0
votes

I am trying to replace every link of an HTML page so people can click on it. But I can't find the Regex for the pattern:

href="Any_URL" except those containing ".js" or ".css" ( in the middle or at the end of the URL)

I tried many patterns like href=".+(.css|.js){0}.*"

The idea is to get the content of a website and replace every URL ( except those containing .js and .css) by href="#" so people can't click on it.

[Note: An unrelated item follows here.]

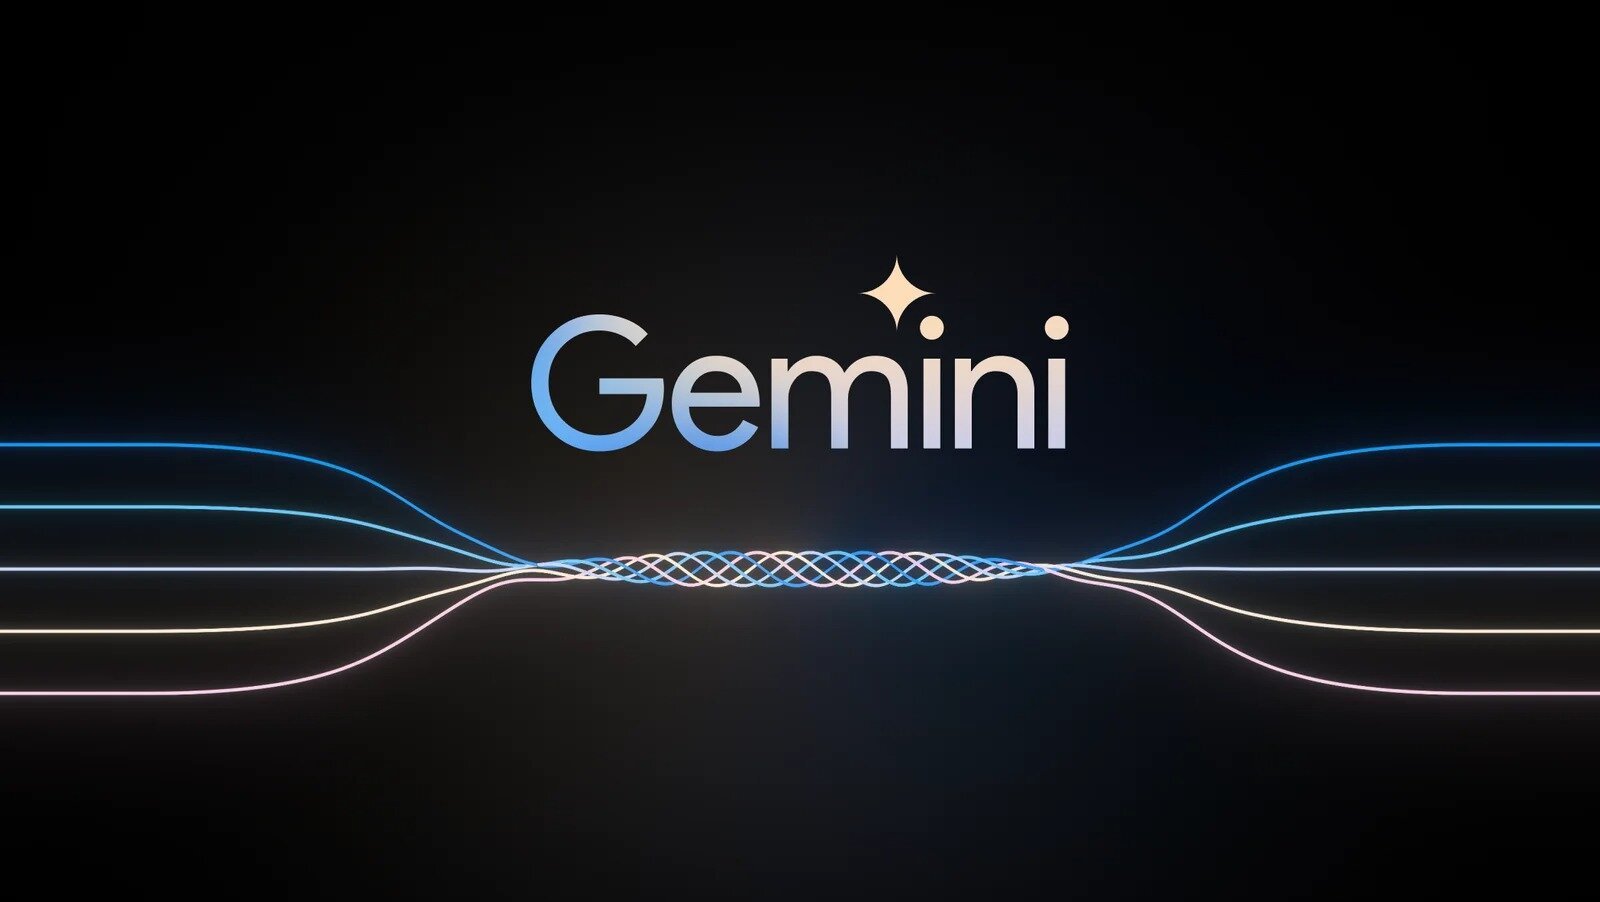 Η Google αποκαλύπτει το Gemini, το μεγαλύτερο γλωσσικό μοντέλο τεχνητής νοημοσύνης της μέχρι σήμερα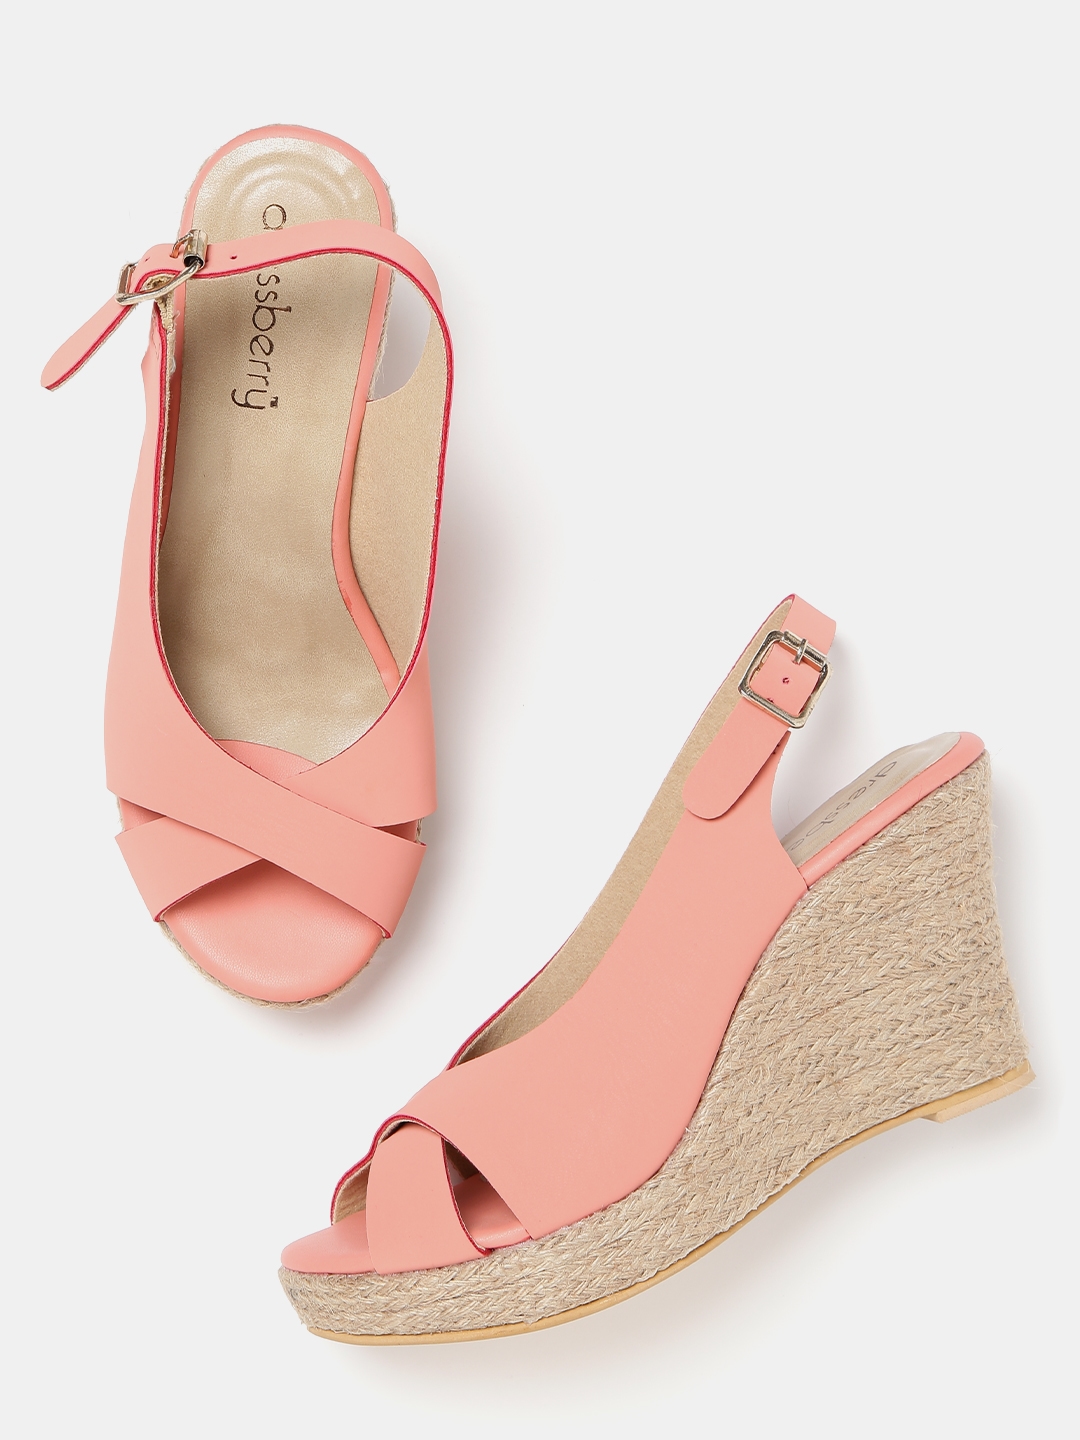 peach colour sandals

$subject = file_get_contents($url, FILE_USE_INCLUDE_PATH); // get the content of the website

$pattern='#href=".+(.css|.js){0}.*"#i' // doesn't work

$page=preg_replace($pattern, 'href=#', $subject); // replace all the links by something not clickable

return $page;

2
{0} means match zero times, it doesn't mean to ensure it's not there. You would instead need to use an assertion, like \.(?!css|js)\w+ - Niet the Dark Absol
Don't use regular expressions to parse HTML. Use an XPath query, and then you have a simple substring search to do on the returned href attribute values. - miken32

2 Answers

0
votes

{0} only apply to matches. So it won't compute in the match, but could be there. Try this:

href="(.+)(?<!\.css|\.js)"

Regex101

0
votes

This should reject anything with .css or .js in it, using a negative lookahead:

/href=".+\.(?!css|js).+"/